Apiary is a lakehouse for small compute. It's designed to run on inexpensive hardware — Raspberry Pis, NUCs, old laptops — while scaling seamlessly to cloud compute. Users write data via Python, query via SQL, and the swarm distributes work across available nodes with no central controller.
- 🏡 Runs on Small Hardware: Designed for Raspberry Pi and similar devices, not cloud-first systems squeezed onto small hardware
- ☁️ Object Storage as Truth: Data lives in S3, GCS, MinIO, or local filesystem — nodes are stateless workers
- 🤝 No Node-to-Node Communication: Nodes coordinate through the storage layer itself, eliminating distributed systems complexity
- 🔒 ACID Transactions: Ledger-based transactions using conditional writes (like Delta Lake)
- 🐝 Biology-Driven Design: Memory budgets, task sizing, and failure recovery governed by bee-inspired behavioral patterns
- 📊 SQL Queries: Apache DataFusion powers SQL queries over Parquet files
- 🐍 Python Interface: PyO3-based SDK with zero-copy Arrow interop
- 🚀 Zero Configuration Multi-Node: Add nodes by connecting to the same storage bucket — no seed nodes, no tokens
-
Small-compute-first design: Not a cloud system squeezed onto a Pi, but a system designed for resource-constrained hardware that scales to the cloud.
-
Object storage as coordination layer: No consensus protocol, no gossip network, no node-to-node communication. Nodes coordinate through the same storage that holds the data.
-
Biology-driven resource management: Memory budgets, cell sizing, backpressure, and failure recovery are governed by bee-inspired behavioral patterns — not metaphors, but algorithms.
-
Zero-configuration multi-node: A second node joins the swarm by connecting to the same storage bucket. No seed nodes, no tokens, no mesh network setup.
-
Solo to swarm without code changes: A single Pi with local filesystem storage is a fully functional data platform. Switching to S3 and adding nodes is a configuration change, not an architecture change.
# Linux / macOS (x86_64 or ARM64 / Raspberry Pi)
curl -fsSL https://raw.githubusercontent.com/ApiaryData/apiary/main/scripts/install.sh | bash# Windows (PowerShell)
irm https://raw.githubusercontent.com/ApiaryData/apiary/main/scripts/install.ps1 | iexdocker pull ghcr.io/apiarydata/apiary:latest # or build locally
docker build -t apiary:latest .Prerequisites: Rust 1.78+, Python 3.9+
git clone https://github.com/ApiaryData/apiary.git
cd apiary
cargo build --workspace
pip install maturin
maturin developfrom apiary import Apiary
# Solo mode (local filesystem)
ap = Apiary("my_database")
ap.start()
# Check status
status = ap.status()
print(f"Running on {status['cores']} cores with {status['memory_gb']:.2f}GB memory")
# Shutdown when done
ap.shutdown()from apiary import Apiary
# All nodes connect to the same storage
ap = Apiary("production", storage="s3://my-bucket/apiary")
ap.start()
# Nodes automatically discover each other through the storage layer
# No additional configuration needed!| Concept | Apiary Component | Description |
|---|---|---|
| Hive | Database | Top-level logical grouping |
| Box | Schema | Namespace within a hive |
| Frame | Table | Queryable dataset |
| Cell | Parquet file | Physical storage unit |
| Bee | CPU core | Unit of compute (1 core = 1 bee) |
| Swarm | Compute mesh | All nodes and their bees |
| Meadow | Object storage | Where all data lives |
Tier 1 — Memory: Arrow RecordBatches in bee chambers (active computation)

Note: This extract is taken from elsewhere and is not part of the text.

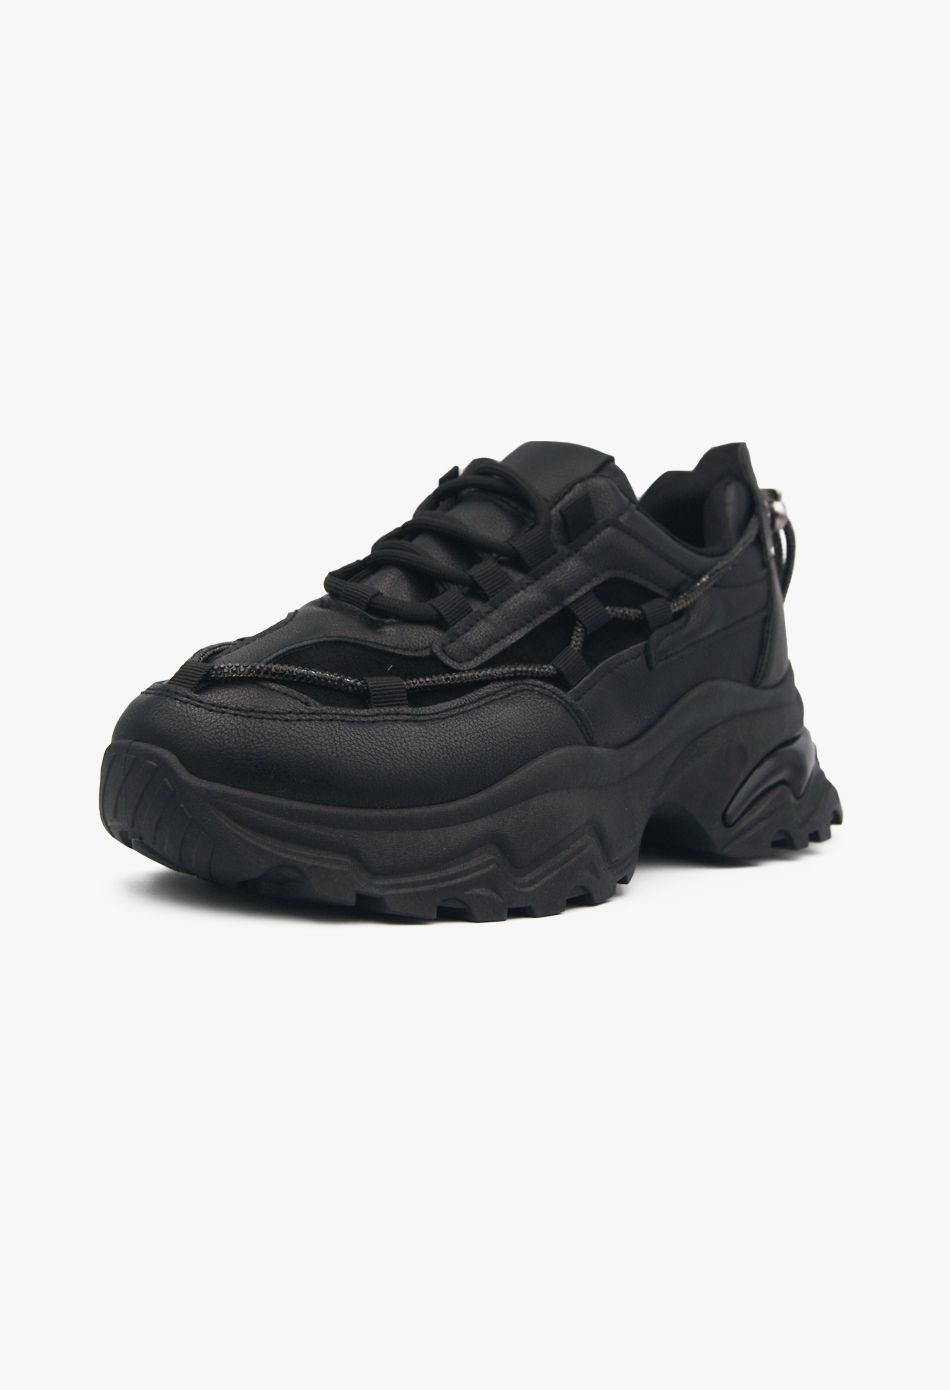 Γυναικείο Αθλητικό Chunky Sneaker με Strass Μαύρο / C2120-black Γυναικεία Αθλητικά και Sneakers joya.gr
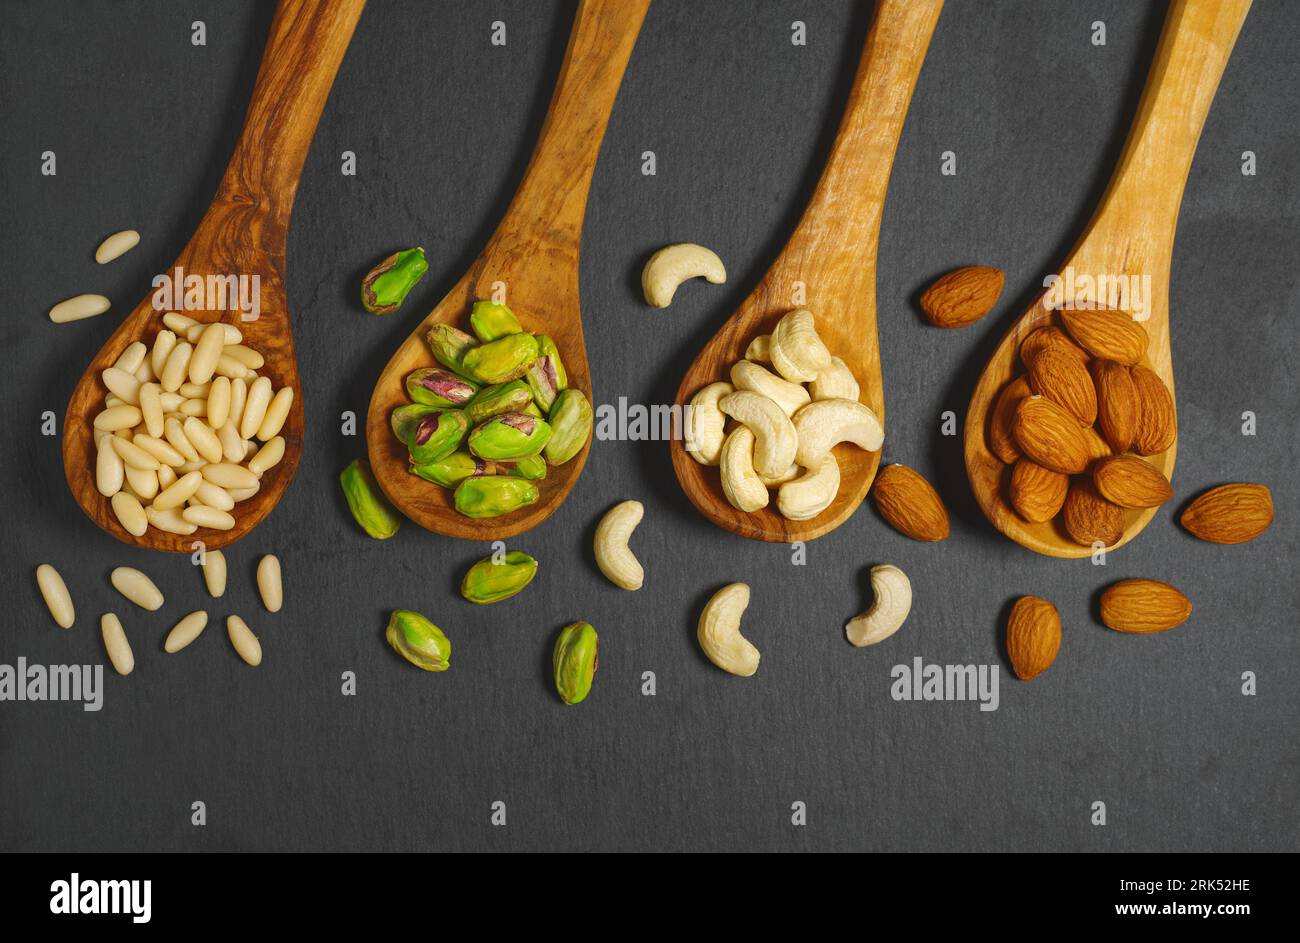 Les noix se mélangent avec des pignons de pin, des pistaches, des noix de cajou et des amandes dans des cuillères en bois vue de dessus gros plan sur fond gris foncé. Banque D'Images

Tier 2 — Local Disk: Cache + spill + write buffer
Tier 3 — Object Storage: S3/GCS/MinIO/filesystem (canonical truth)
- Object storage is canonical: All committed data, metadata, and coordination state lives in object storage
- Conditional writes for serialization: One write succeeds, the other retries — no Raft needed
- 1 core = 1 bee: Each virtual core is an independent unit with its own memory budget
- Biology is the runtime: Mason bee isolation, leafcutter sizing, abandonment, and colony temperature are not metaphors but algorithms
Apiary is in active development. See BUILD_STATUS.md for detailed progress and BENCHMARKS.md for performance metrics.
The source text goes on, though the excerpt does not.